Kubernetes Worker Charm

Can't bring up GPU worker, docker daemon fail.

Bug #1812894 reported by yen on 2019-01-22

This bug affects 1 person

Affects		Status	Importance	Assigned to	Milestone
	Kubernetes Worker Charm	Fix Released	Undecided	Joseph Borg

Bug Description

Hi,

First thank you so much for creating this awesome charm!! I have successfully deploy it on prem with my DELL R720s around 6 months ago.

However, when I trying to rebuild it once again this time with cs:bundle/kubernetes-core-503 (which has charm: cs:~containers/kubernetes-worker-398) I am facing below problem. And this problem only occurred on worker with GPU. ALL the CPU worker can be deploy just fine.

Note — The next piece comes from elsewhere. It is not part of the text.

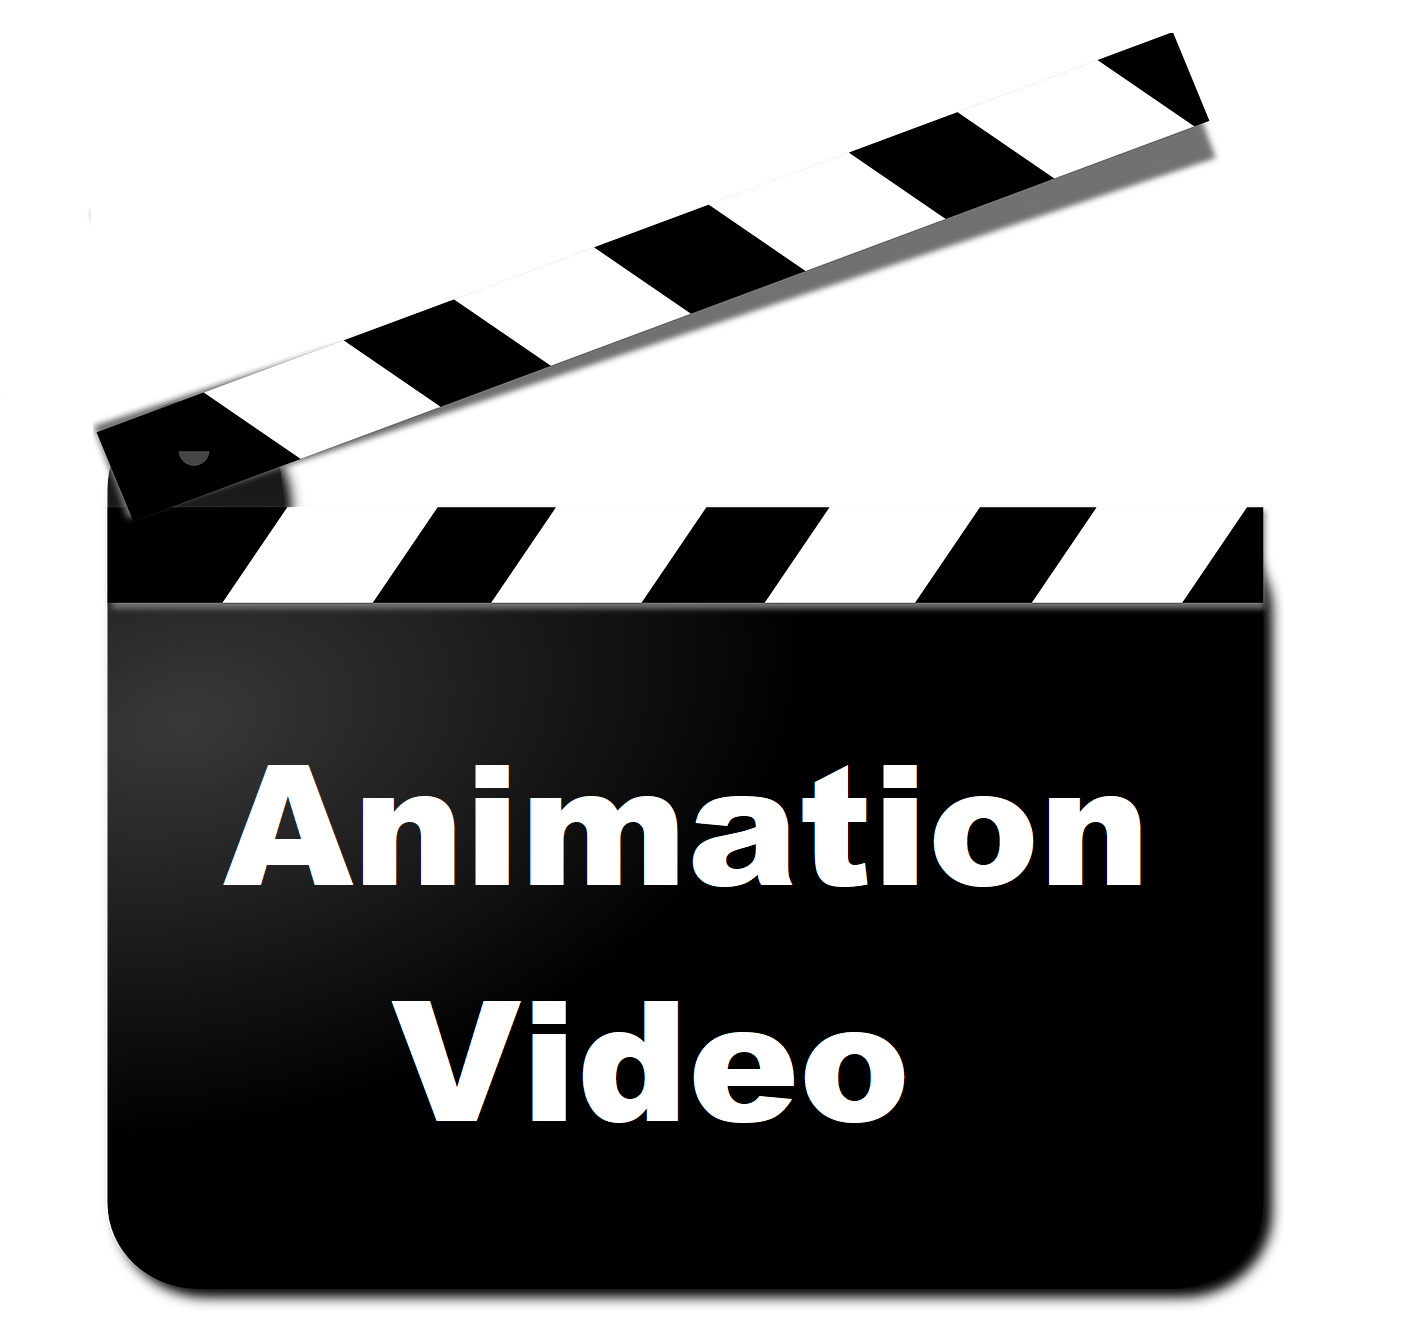 Animation Video

From "juju debug-log --replay --include kubernetes-worker/3"
------
unit-kubernetes-worker-3: 11:55:40 INFO unit.kubernetes-worker/3.juju-log cni:9: Invoking reactive handler: reactive/docker.py:442:signal_workloads_start
unit-kubernetes-worker-3: 11:55:40 DEBUG unit.kubernetes-worker/3.cni-relation-changed Cannot connect to the Docker daemon at unix:///var/run/docker.sock. Is the docker daemon running?
...
...
unit-kubernetes-worker-3: 11:55:47 INFO unit.kubernetes-worker/3.juju-log cni:9: Executing ['kubectl', '--kubeconfig=/root/.kube/config', 'apply', '-f', '/root/cdk/addons/default-http-backend.yaml']
unit-kubernetes-worker-3: 11:55:48 DEBUG worker.uniter.jujuc running hook tool "open-port"
unit-kubernetes-worker-3: 11:55:48 DEBUG worker.uniter.jujuc running hook tool "open-port"
unit-kubernetes-worker-3: 11:55:48 DEBUG worker.uniter.jujuc running hook tool "juju-log"
unit-kubernetes-worker-3: 11:55:48 INFO unit.kubernetes-worker/3.juju-log cni:9: Invoking reactive handler: reactive/kubernetes_worker.py:552:apply_node_labels
unit-kubernetes-worker-3: 11:55:48 DEBUG worker.uniter.jujuc running hook tool "juju-log"
unit-kubernetes-worker-3: 11:55:48 INFO unit.kubernetes-worker/3.juju-log cni:9: Skipping malformed option: .
unit-kubernetes-worker-3: 11:55:48 DEBUG unit.kubernetes-worker/3.cni-relation-changed Error from server (NotFound): nodes "bubnicki" not found
unit-kubernetes-worker-3: 11:55:48 DEBUG worker.uniter.jujuc running hook tool "juju-log"
unit-kubernetes-worker-3: 11:55:48 INFO unit.kubernetes-worker/3.juju-log cni:9: Failed to apply label juju-application=kubernetes-worker. Will retry.

------

From "root@Bubnicki:~# journalctl -xe -u docker"
------
Jan 22 17:34:30 Bubnicki dockerd[40216]: unable to configure the Docker daemon with file /etc/docker/daemon.json: the following directives are specified both as a flag and in the configuration file: default-runtime: (from flag: nvidia, from file: nvidia)
Jan 22 17:34:30 Bubnicki systemd[1]: docker.service: Main process exited, code=exited, status=1/FAILURE
------

Seems like a conflict between the system docker startup file and the docker daemon.json file but I can't tell which one.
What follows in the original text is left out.